▶ PROVIDED MATERIAL:
--------------------------------
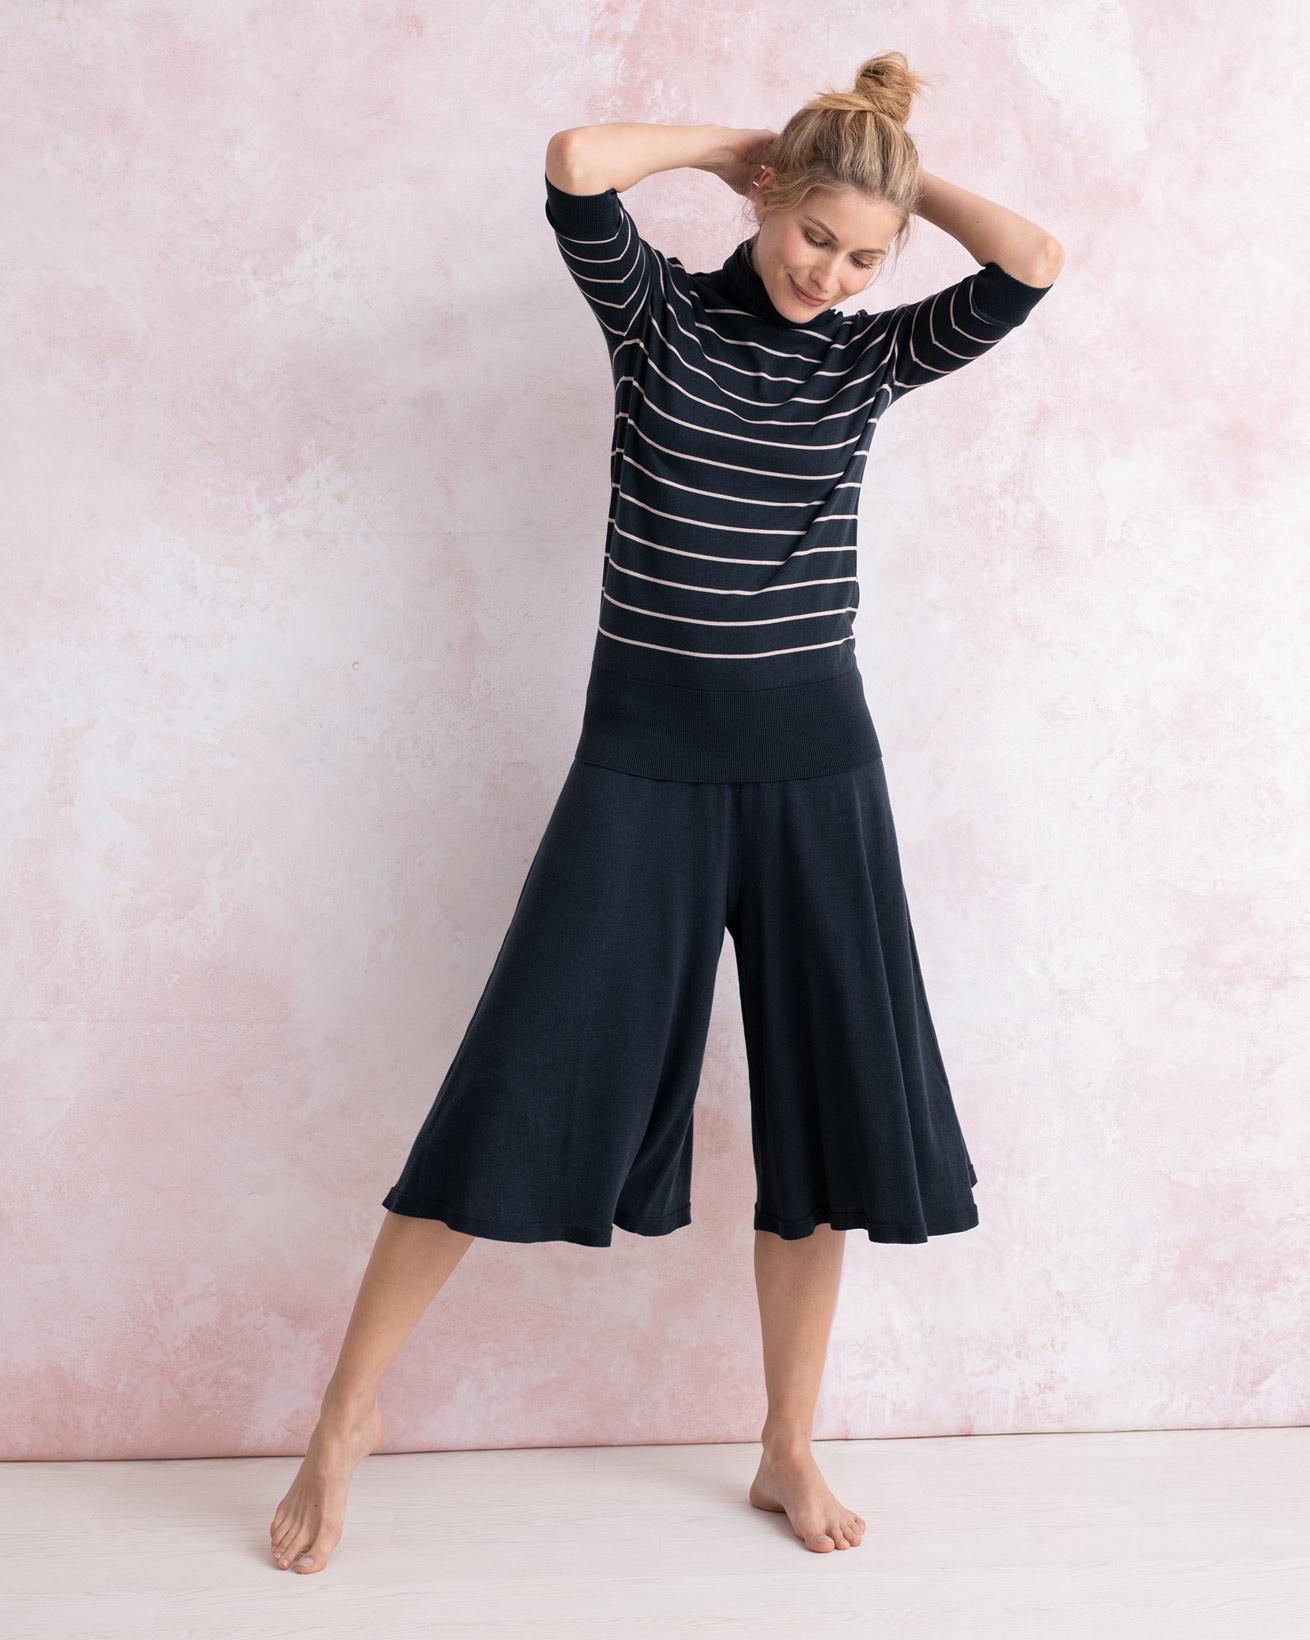 7672-eco-cotton-culottes-87-lfs.jpg
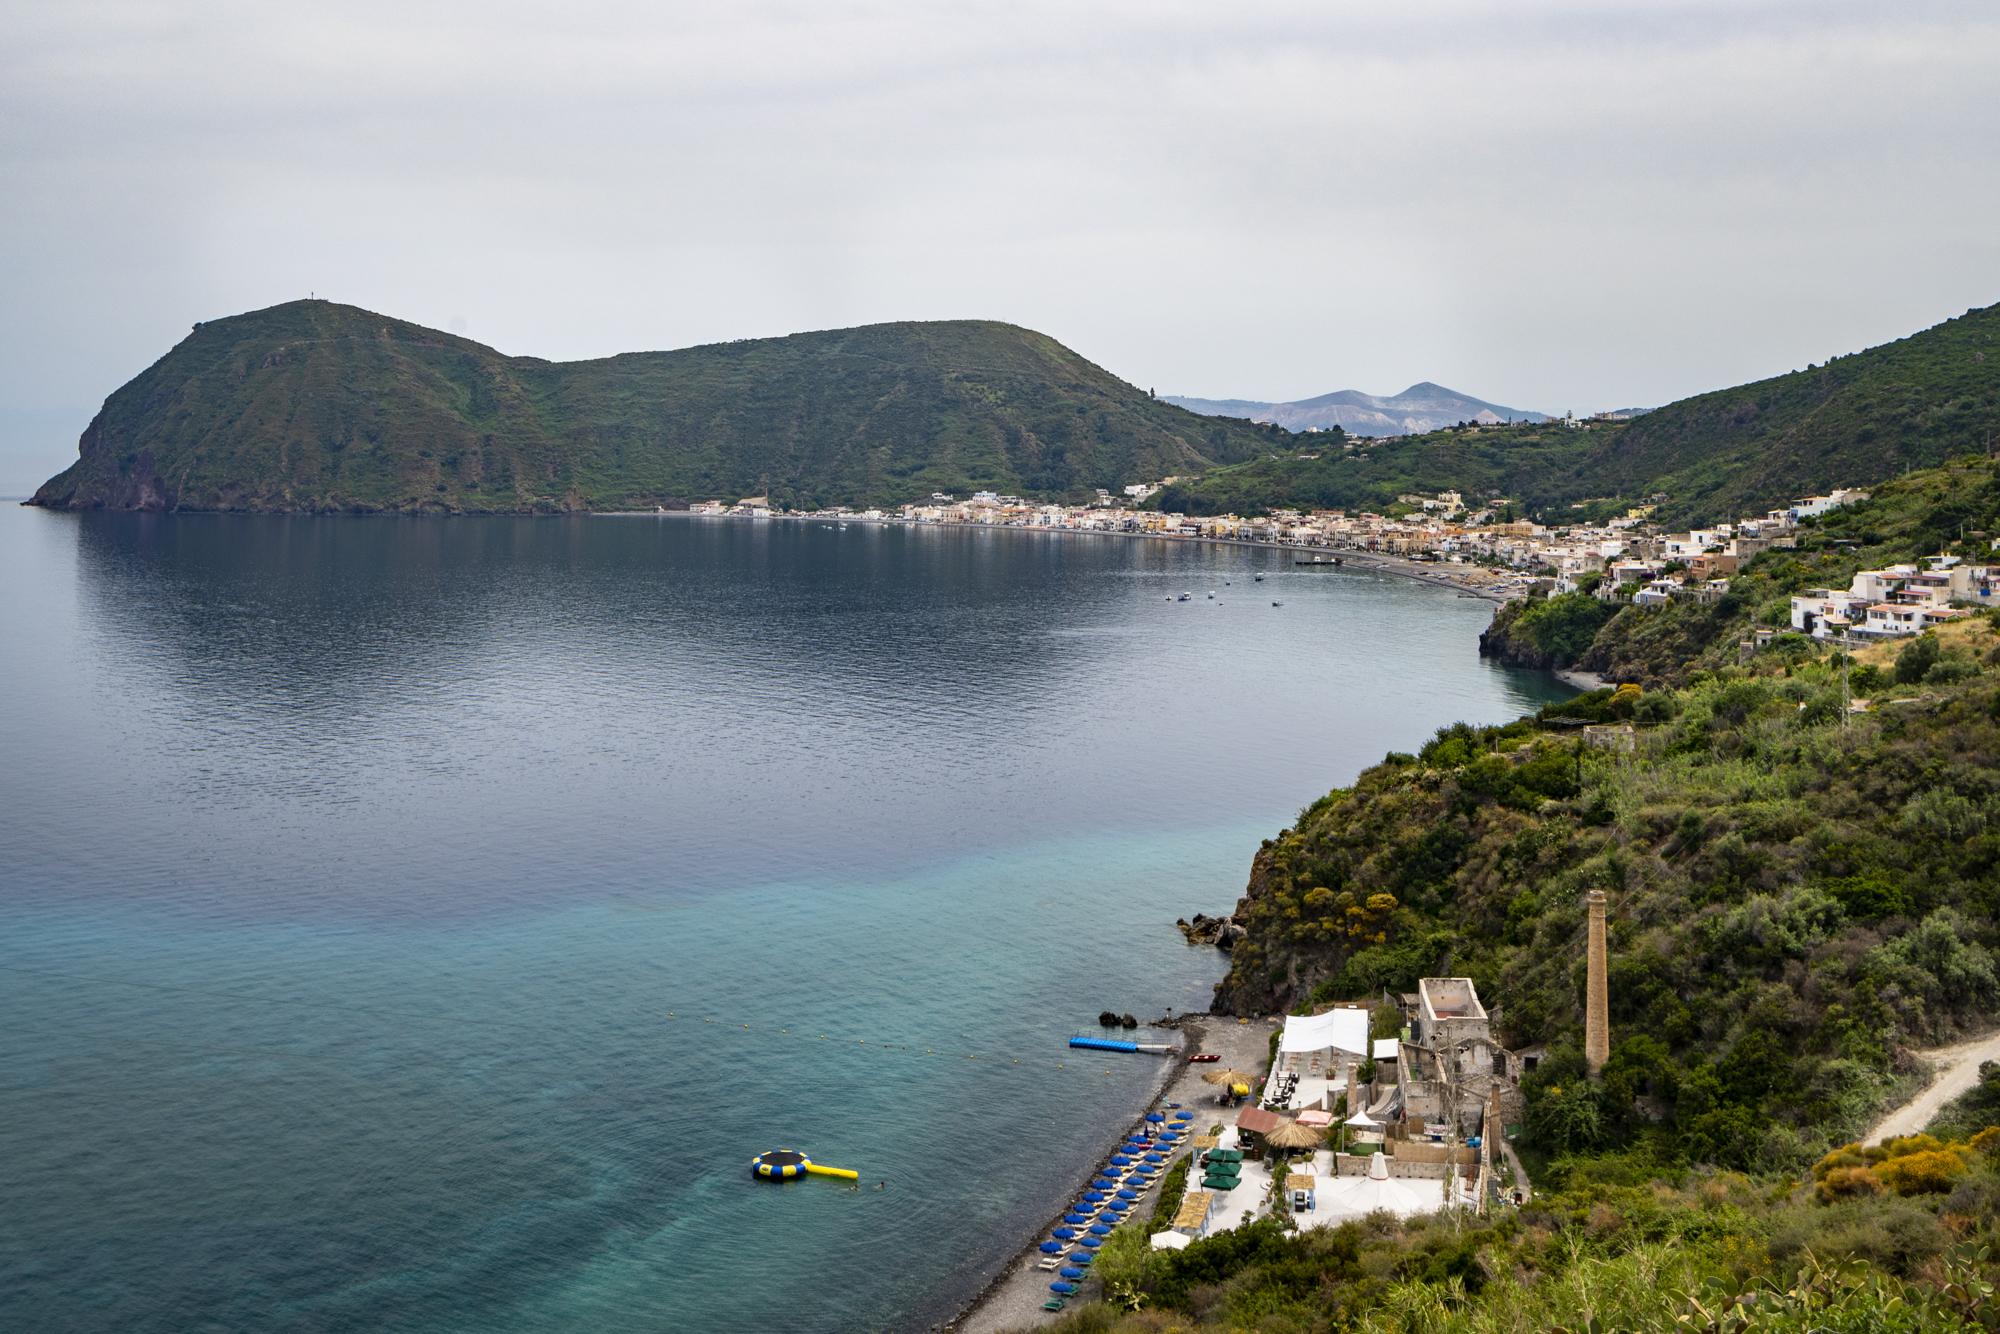 Panorama - Whites Beach & Canneto, Lipari
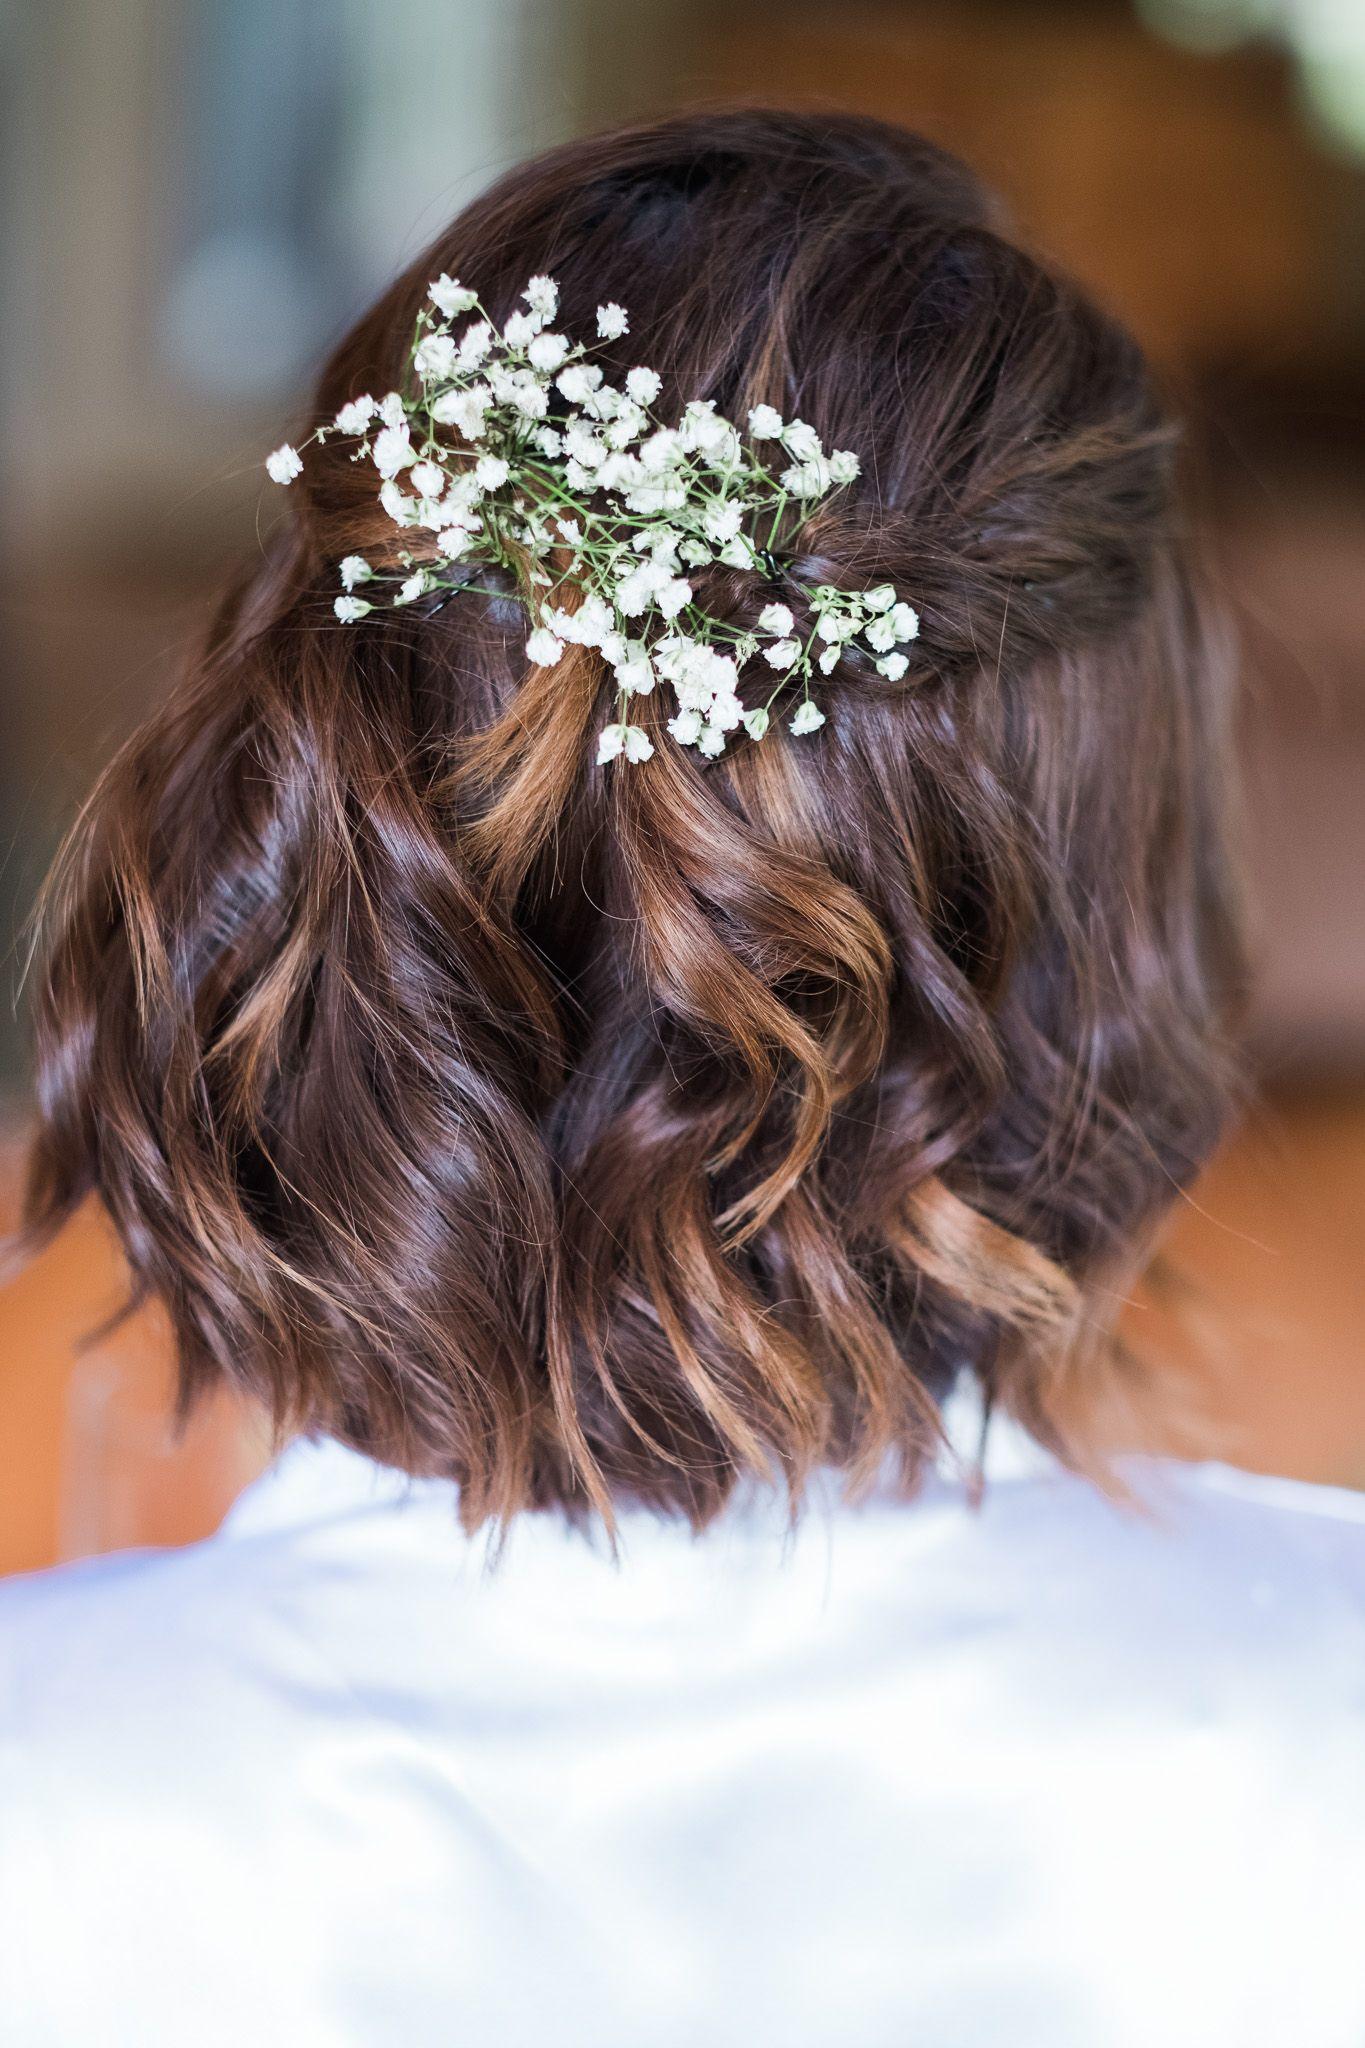 Downstyle bridal hair with babies breath Peinados Boda Pelo Corto 72769027fe8b
--------------------------------
▶ TASK STATEMENT: Give back the full listing exactly, with pictures dropped.

▶ RESPONSE AREA:
 7672-eco-cotton-culottes-87-lfs.jpg
 Panorama - Whites Beach & Canneto, Lipari
 Downstyle bridal hair with babies breath Peinados Boda Pelo Corto 72769027fe8b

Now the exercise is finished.